As Niger is a desert country, Kamara’s approach is also informed by the extreme climate. What better way to combat this than with materials that have proved useful for centuries? “I only have access to three materials — earth, metal and some concrete. There is some low-grade glass, but it’s not really worth using,” she explains. “You have to keep things simple, but you can make so many different things from a limited number of materials.”
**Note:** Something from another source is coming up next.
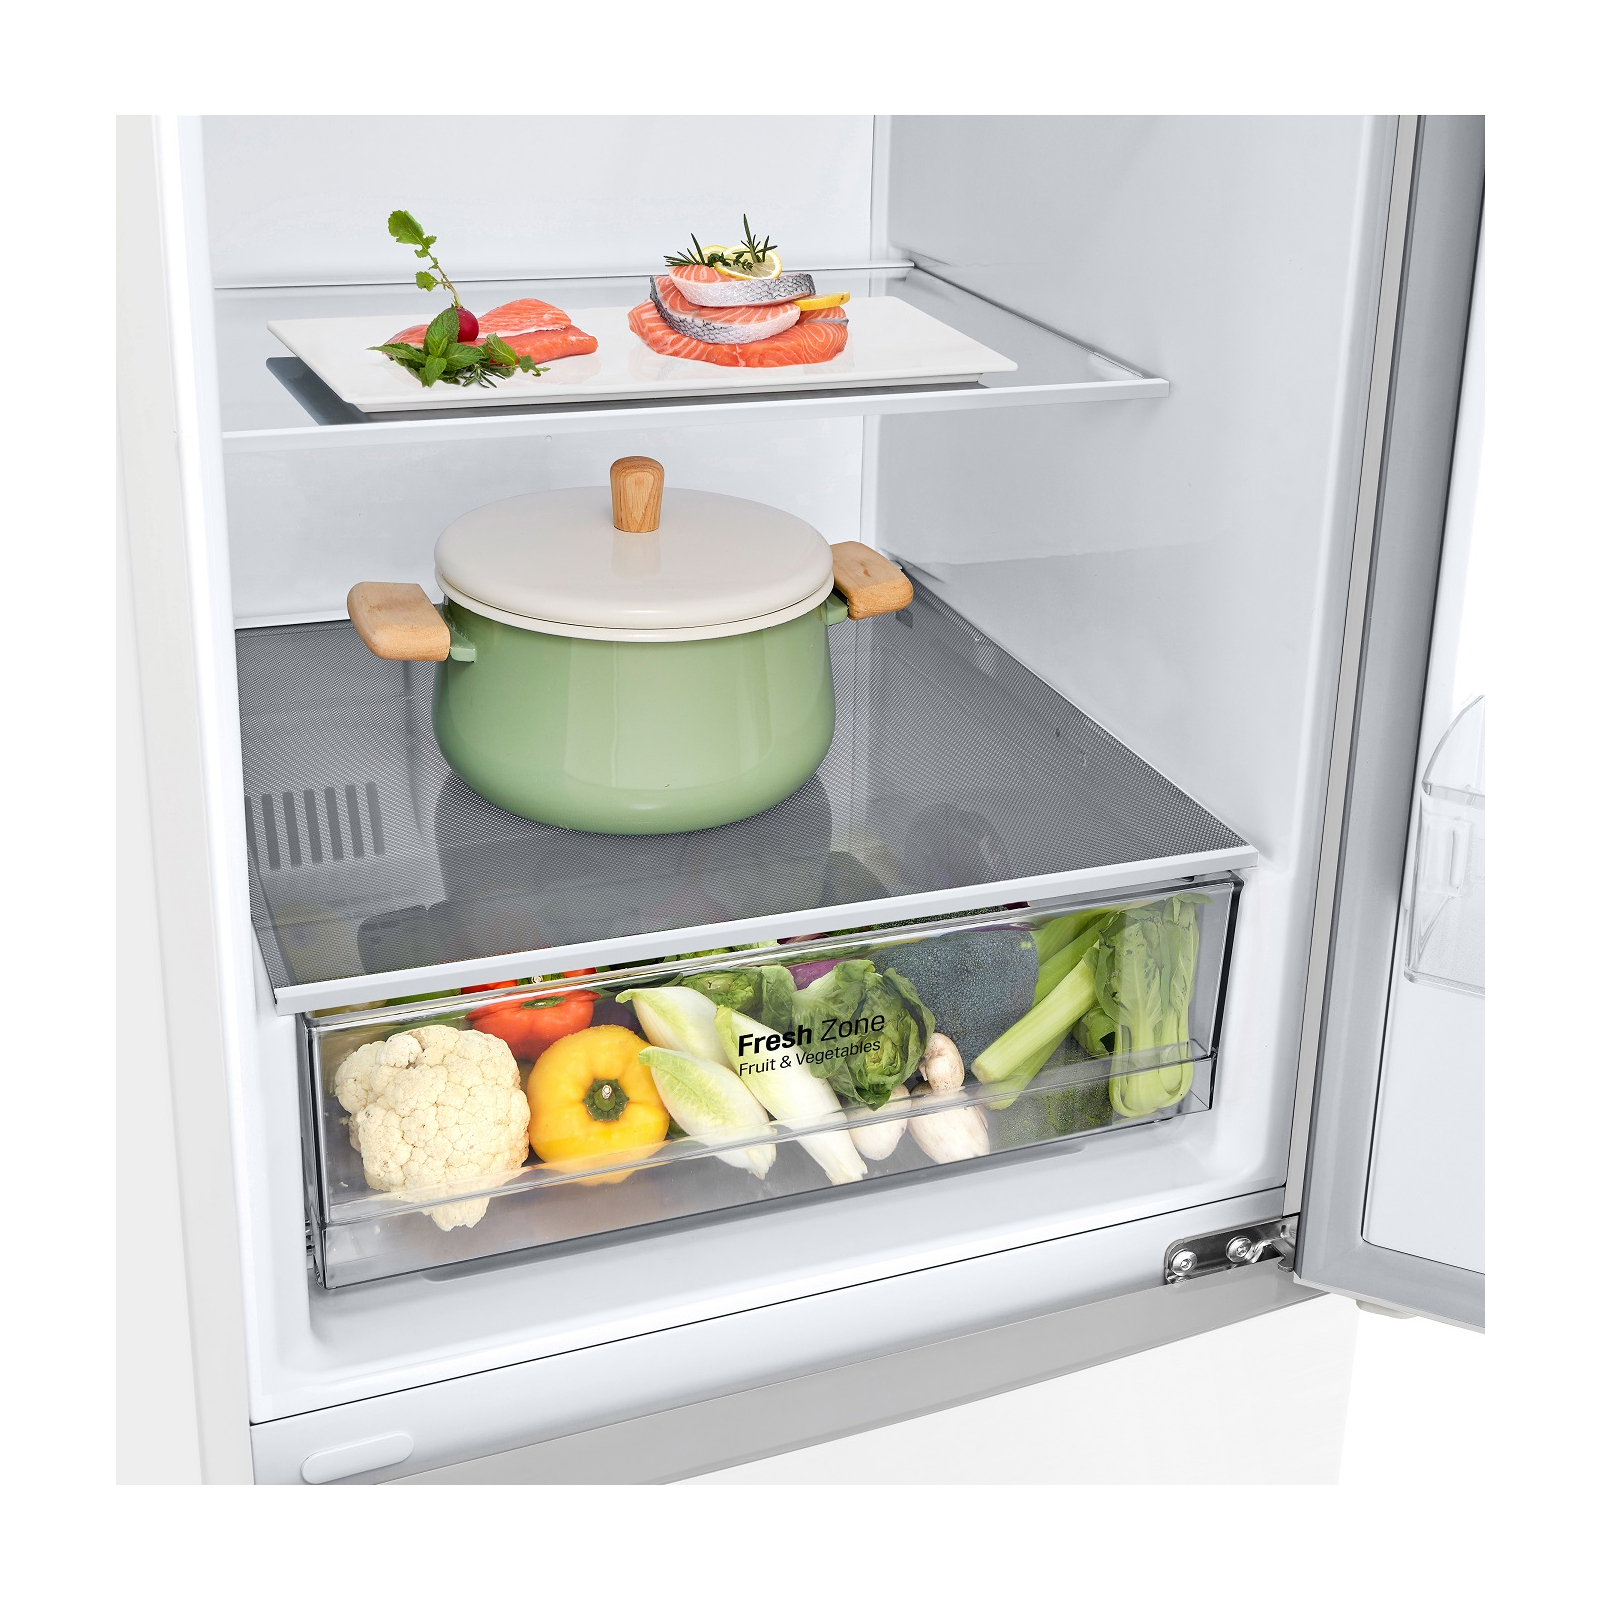 Холодильник LG GW-B509CQZM изображение 8

The Hikma religious and secular complex, a remarkable mosque and library in the Hausa village of Dandaji in western Niger, is her most celebrated undertaking so far. This was a collaboration with Iranian architect Yasaman Esmaili, founder of Studio Chahar and fellow member of the global architecture collective united4design, which the pair co-founded in 2013. As two women from Muslim countries, they were excited to work on a project that redefi ned the boundary between the everyday and the divine. The poetry of the project is in the interaction between the two structures. On one side of the compound sits an original mosque, which the village had outgrown, and which had fallen into disrepair, now reborn as a library. Just across from it is a new mosque, larger than the previous one yet complimentary and sympathetic in style. The two façades face each other and a path takes individuals from

one to the other, manifesting in space and form the collapse of tensions between religious and secular knowledge.

“The current library used to be a mosque, so the link was immediate,” Kamara says of the project. “It was a building that the villagers were really familiar with, and there is a comfort in that. And then a mosque — no matter how old or new — is a building that is used every day, and there is comfort in that. The two together just made sense.”

The population of Dandaji is young and literacy rates are low, with the local middle school serving children from five surrounding villages. The new library has provided books, quiet spaces and a computer lab in an effort to boost graduation rates. It has also welcomed women’s groups, who now have a civic space where they can meet and run workshops. To renovate the building, Kamara and her team invited the masons who originally worked on the building back to the village to participate in the work, and they also contributed in the construction of the new one. For both they used compressed earth bricks, which are much easier to maintain than the adobe used on the original façade, but have the same thermal qualities. The project won the LafargeHolcim Awards for Sustainable Construction in 2017, and soon after Kamara was invited to join the Rolex Protégé programme, which entails a twoyear mentorship with David Adjaye.

Kamara has always loved architecture but, being a practical person, she studied computer science instead. “I wanted to be an architect since I was ten years old, but I didn’t think it was reasonable. I didn’t know any African architects then,” she says. The yearning never faded however, and several years into her computer-engineering career in the US, she quit and returned to school to follow her vocation, at the University of Washington. “While studying I would have moments at 3am when I would get overwhelmed and just tear up because I felt so in harmony,” she recalls.

Kamara now divides her time between Niamey, Niger’s capital, and Providence, near Boston, Massachusetts. At the moment she and Adjaye are working on a cultural centre in Niamey. During workshops with local youth to develop the project, it became clear that there was a hunger among them for learning. When presented with a series of objects they resonated most with books, which they saw as a means of experiencing worlds beyond their own lives. “The impact and the consequences of what you build are much more impactful in countries that are vulnerable. It’s not theoretical. There is a huge responsibility that comes with the practice,” she reflects. “However, something that serves purpose can also be beautiful.”